摘要
Objective Striatum may be involved in depressive disorders according to the neuroimaging analysis and clinical data. However, no animal model at present supported the possible role of striatum in the pathogenesis of depression. In the present study, we have investigated the depressive-like behavior in mice recently intoxicated with 3-nitropropionic acid (3- NP), a widely known toxin that selectively damages the striatum in the brain. Methods Mouse model was made with subacute systemic 3-NP treatment, and the depressive-like behavior was measured using the duration of immobility during forced swimming test (FST). Results When the mice at day 15 post-intoxication just totally recovered from motor deficits, the duration of immobility in FST was significantly longer than that in controls. The depressive-like behavior was not due to the fatigue or general sickness following 3-NP intoxication and could be reversed by the antidepressant, desipramine hydrochloride. In two successive FST in 24 h interval, the depressive-like behavior could be observed again in subsequent FST (at day 16 post-intoxication), and the mice presented a normal "learned helplessness". Conclusion A novel depression animal model could be established in mice during the initial period of recovery from 3-NP intoxication. The depression-like behavior might occur independently without involvement of cognitive defects, and the striatal lesions may underlie the depression-like behavior attributable to 3-NP intoxication.

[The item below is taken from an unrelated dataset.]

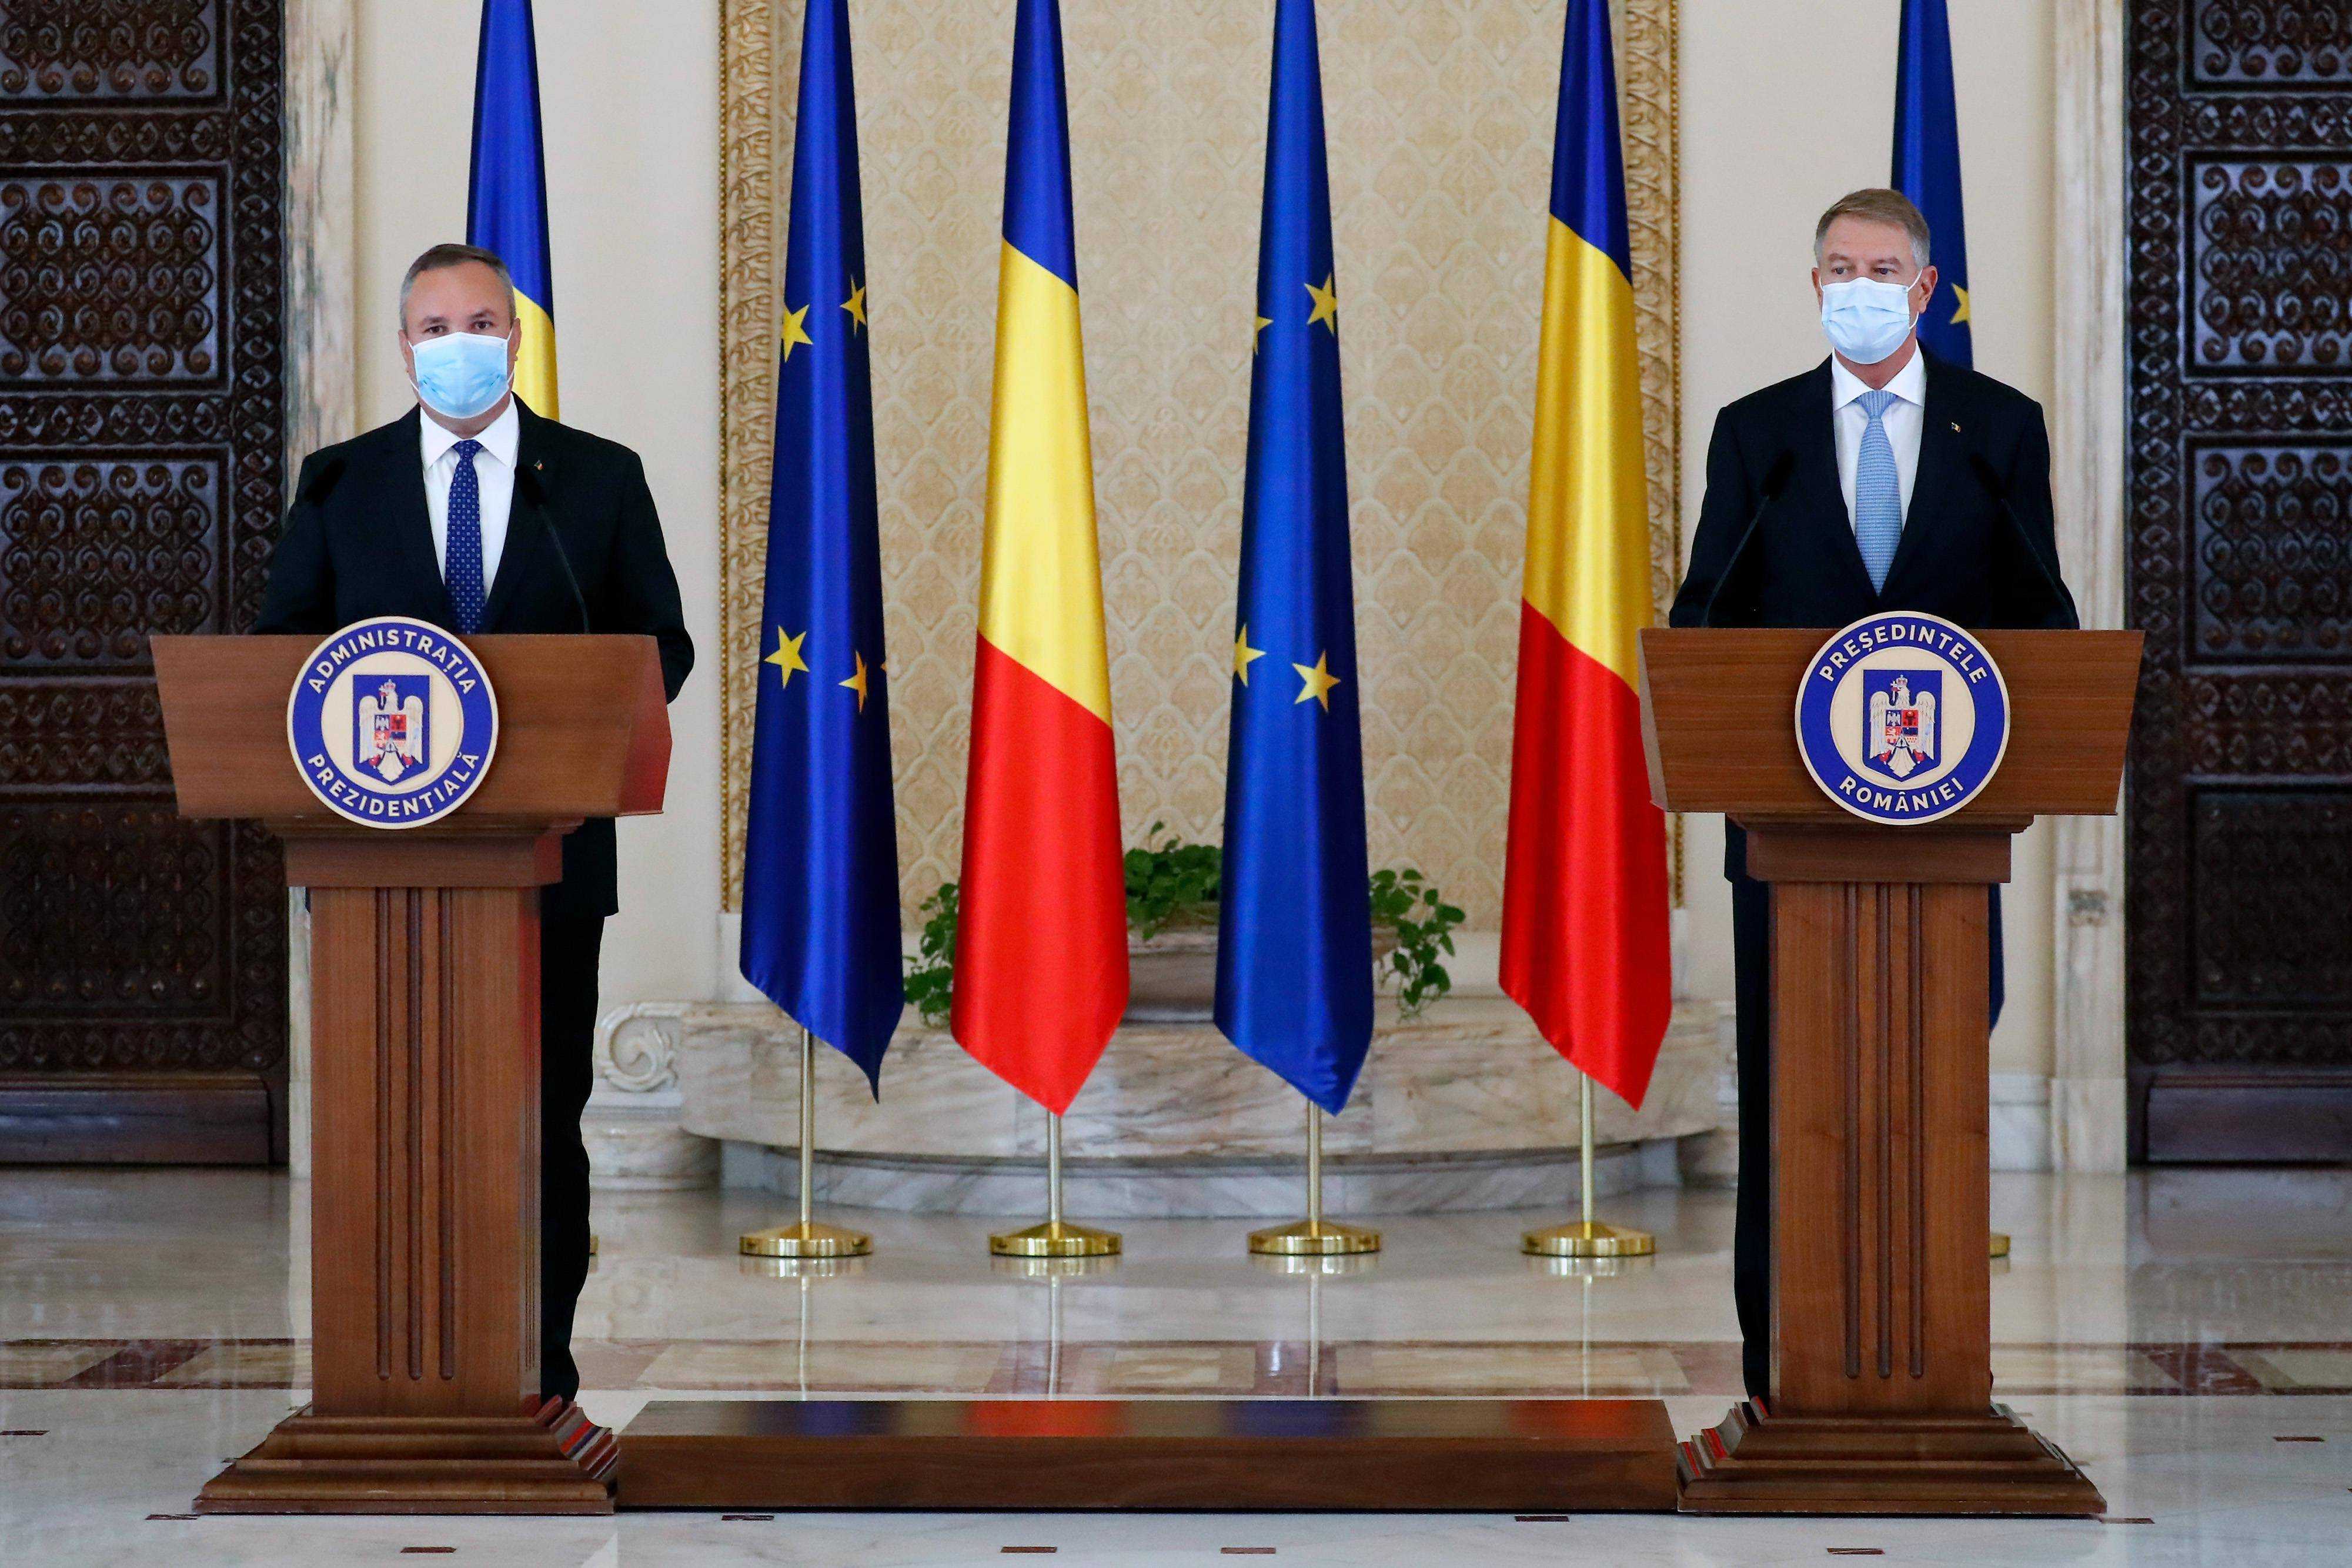 罗马尼亚总统授权国防部长尼古拉·丘克组阁

目的纹状体可能与抑郁症的发生有关,但是目前还没有动物实验模型支持纹状体在抑郁症发病过程中的可能作用的证据。本研究在选择性损伤纹状体的3-硝基丙酸(3-NP)中毒动物实验模型上,观察小鼠是否出现抑郁样症状。方法采用亚急性系统给予3-NP的方式制作小鼠实验模型,用强迫游泳实验(forced swimming test, FST)中的漂浮时间评价小鼠的抑郁样症状。结果在注射3-NP后的15天,即小鼠完全恢复运动功能后的早期,小鼠在FST中的漂浮时间较对照组明显延长。这种抑郁样症状不是由于3-NP中毒后引起的疲劳或虚弱所造成,可被抗抑郁药去甲丙米嗪消除。在间隔24 h的两次FST中,可在24 h后(3-NP中毒后16天)FST中再次观察到这种抑郁样症状,小鼠还显示如常的习得性无助反应。结论在3-NP中毒恢复期小鼠可建立一种新型的动物抑郁模型,小鼠的抑郁样症状可能不涉及认知缺陷而独立存在,而纹状体的损伤可能与3-NP中毒后抑郁样症状的产生有关。